扬州城,三日之期的第一天。
暴雨骤停,阴云压城。
运河码头的石阶上,满是黑色的泥水。
“啪!”
一杆缺了角的旱烟袋,被重重摔在青石板上,火星四溅。
“不见!广盛号的东家昨夜已经吞金自尽了,你们就是把这门砸烂了,里面也没银子给你们!”
广盛盐栈的二管事隔着厚厚的木栅栏,对着门外破口大骂。
门外,密密麻麻跪了几百号人。
这些人不是豪商巨贾,而是扬州城里的二道盐贩子、开挑担小盐铺的散商,以及平日里靠挑盐挑脚吃饭的苦力。
“管事的,大掌柜的死活跟我们没关系,可我们存在广盛号里的盐引,那是全家老小的命钱啊!”

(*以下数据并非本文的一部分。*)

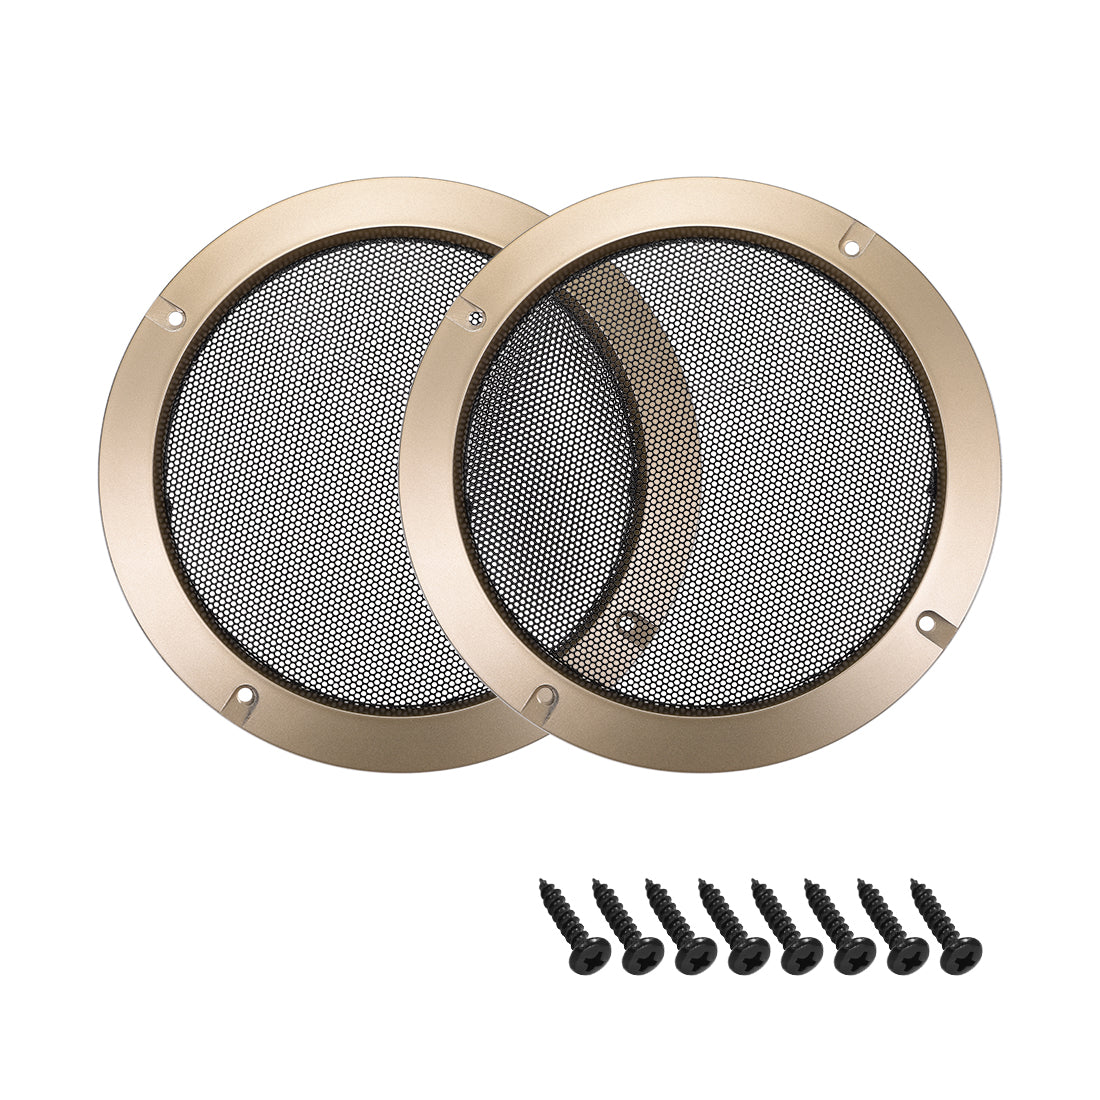 uxcell Uxcell 2pcs 6.5" Speaker Grill Mesh Decorative Circle Subwoofer Guard Protector Cover for 6.5"  Mounting Hole Diagonal Distance

“官盐卖不动,四海精盐只要九分钱,百姓不买我们的货,我们的盐引成了废纸,这日子没法过了!”
哭喊声、痛骂声,在冷冽的江风里传得很远。
顾清洲一身青布长衫,默默地站在远处的牌坊下。
他看着那些跪在泥水里、满身补丁的底层散商,又看了看那紧闭的广盛盐栈大门。
官盐倒了。
十二大盐商垮了。
可最先被砸碎饭碗的,却是这些依附于官盐体制最底层的散商和苦力。
“顾先生,您快去劝劝吧,城外海滩上的灶户也闹起来了。”
衙门的小吏满头大汗地跑过来,脸色煞白。
“灶户怎么了?”
顾清洲收回目光,疑惑道。
“四海商会把持了七成盐场,按宣府的规矩改了晒盐法。以往给衙门熬苦盐的几千个灶户,四海只要身强力壮的,那些老弱病残全被赶了出来。如今海滩上几百户人家没米下锅,正抬着空锅往衙门这边哭呢!”
顾清洲闭上双眼,藏在袖中的双手紧了紧。
昨日,他在正堂三问范霜华,问她精盐来了,数万盐工吃什么。
当时那女人冷笑,说朝廷管过盐工死活吗?
可如今,四海的规矩真的落下来了,那冷冰冰的“适者生存”,同样要把这几万老弱病残碾成齑粉!
宣府的规矩很新。
但对这大明的底层而,同样很狠。
“顾先生,您看!”
小吏指了指街角。
只见几辆插着四海商会“黑底金字”大旗的马车缓缓驶来。
马车停在广盛盐栈不远处,几个精干的四海账房跳下车,直接在街边支起了桌子。
范霜华打着一把青绸伞,站在高高的石阶上。
她冷眼看着台阶下慌乱的众人,身侧,南线掌事正带着几个账房,啪啦啪啦地拨动着算盘。
“大掌柜,广盛号在两淮有盐滩三千亩,运河槽船四十只,账面亏空纹银八万两,已经资不抵债。”掌事低声禀报。
范霜华收起伞,递给一旁的随从。
她走前一步,居高临下,声音清冷:
“诸位,安静。”
台阶下,数百道目光瞬间齐刷刷地聚在她身上。
有愤怒、有恐惧、有绝望。
“广盛号通敌偷税,东家已死。他欠你们的盐本,衙门管不了,四海商会管。”
范霜华一挥手。
身后的账房抬出三个硕大的红木箱子,箱盖轰然翻开。
里面没有白银,没有宝钞,全是整整齐齐、散发着油墨香气的宣府新币――华夏通宝。
“广盛号欠你们多少银子,凭据拿来,在四海这里兑换新币。拿着这钱,去宣府的盐仓,九分钱一斤,管够。”
范霜华的声音不大,却压过了满街的嘈杂。
台阶下,死寂了片刻。
一个断了腿的小盐商大着胆子爬上来,递过去一张盖着广盛号印章的欠条:“大掌柜……真、真给换?”
“换。”
范霜华吐出一个字。
“啪嗒。”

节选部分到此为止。